If you are working with Numpy arrays then matplotlib.colors.hsv_to_rgb is quite direct:

import numpy as np
from matplotlib.colors import hsv_to_rgb
# This will create a nice image of varying hue and value
hsv = np.zeros((512, 512, 3))
hsv[..., 0] = np.linspace(0, 1, 512)
hsv[..., 1] = 1.
hsv[..., 2] = np.linspace(0, 1, 512)[:, np.newaxis]
rgb = hsv_to_rgb(hsv)

Note that the input and output images have values in the range [0, 1].



回答5:

I have prepared a vectorized version, it is cca 10x faster

def hsv_to_rgb(h, s, v):
    shape = h.shape
    i = int_(h*6.)
    f = h*6.-i

    q = f
    t = 1.-f
    i = ravel(i)
    f = ravel(f)
    i%=6

    t = ravel(t)
    q = ravel(q)

    clist = (1-s*vstack([zeros_like(f),ones_like(f),q,t]))*v

    #0:v 1:p 2:q 3:t
    order = array([[0,3,1],[2,0,1],[1,0,3],[1,2,0],[3,1,0],[0,1,2]])
    rgb = clist[order[i], arange(prod(shape))[:,None]]

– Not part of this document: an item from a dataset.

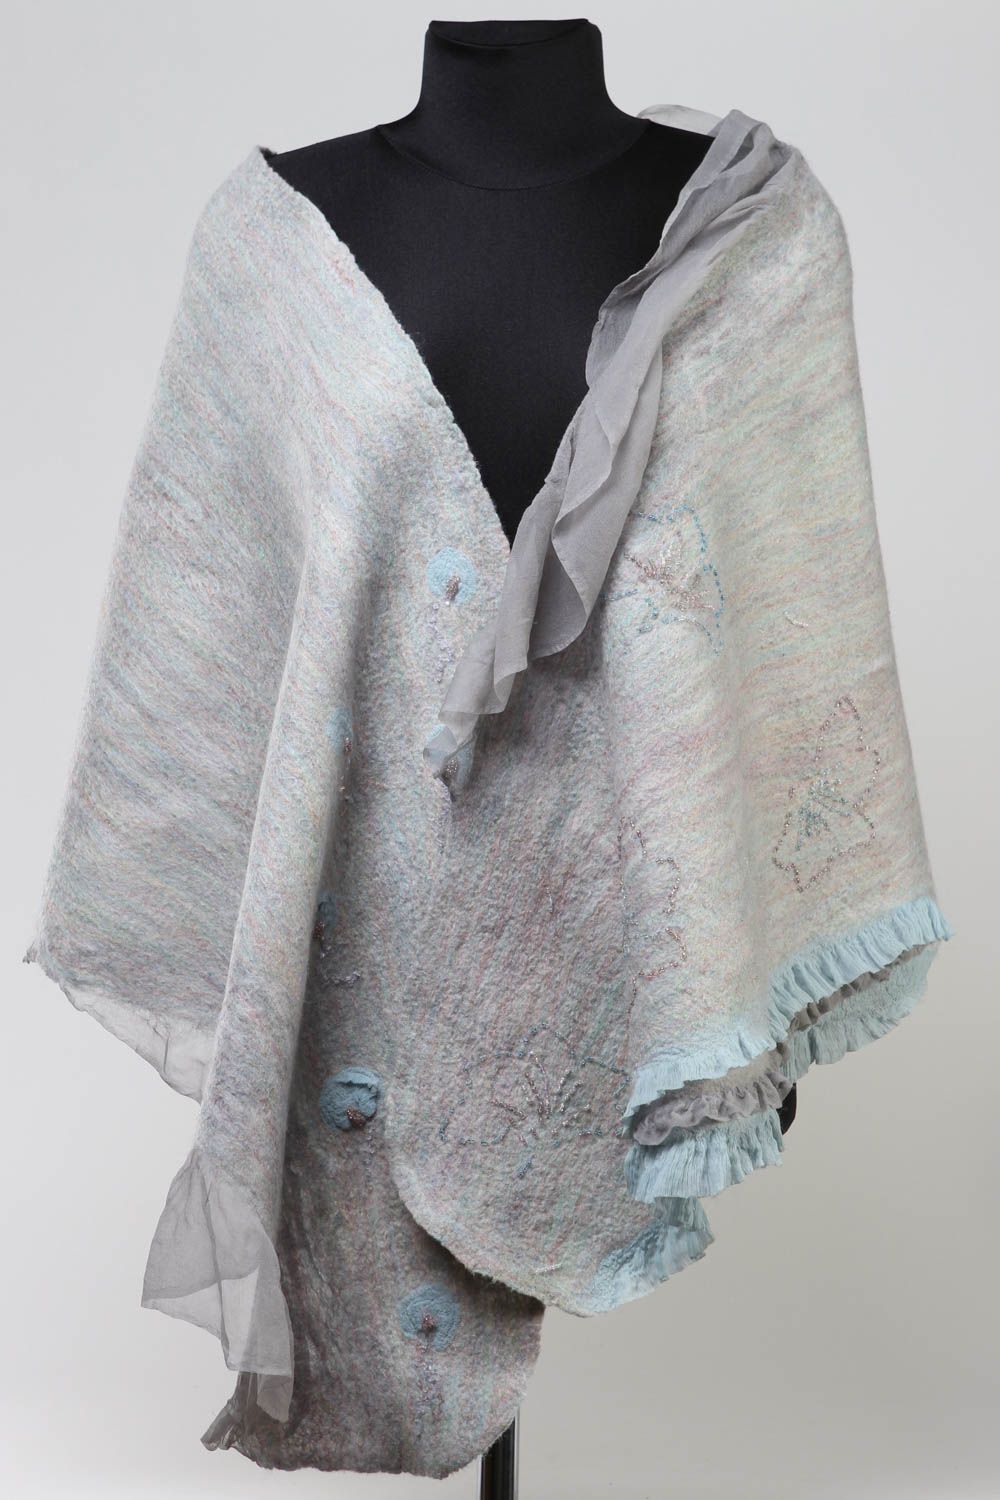 Grande écharpe Châle fait main soie laine feutrée Vêtements pour femme photo 1
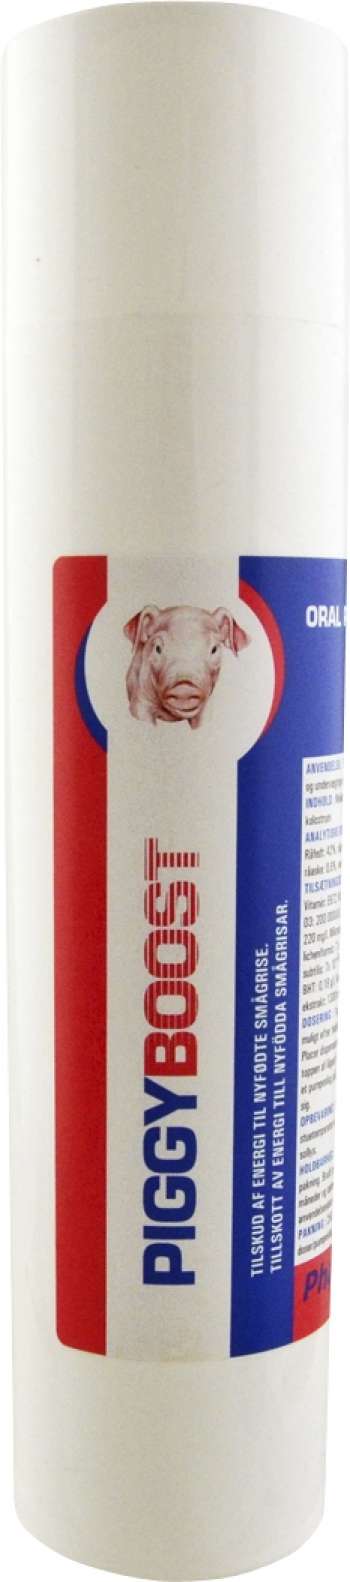 Näringstillskott Piggyboost, 250 ml

    return rgb.reshape(shape+(3,))


回答6:

I found the following code to work with images represented as numpy ndarrays:

from skimage.io import imread
import matplotlib.colors as mcolors
img = imread( 'my_image.png' )
img_hsv = mcolors.rgb_to_hsv( img )
img_hsv = img_hsv / (1.0, 1.0, 255.0)

The last division was useful to convert to a floating representation between 0.0 and 1.0, as for some reason the last component originally ranged between 0 and 255.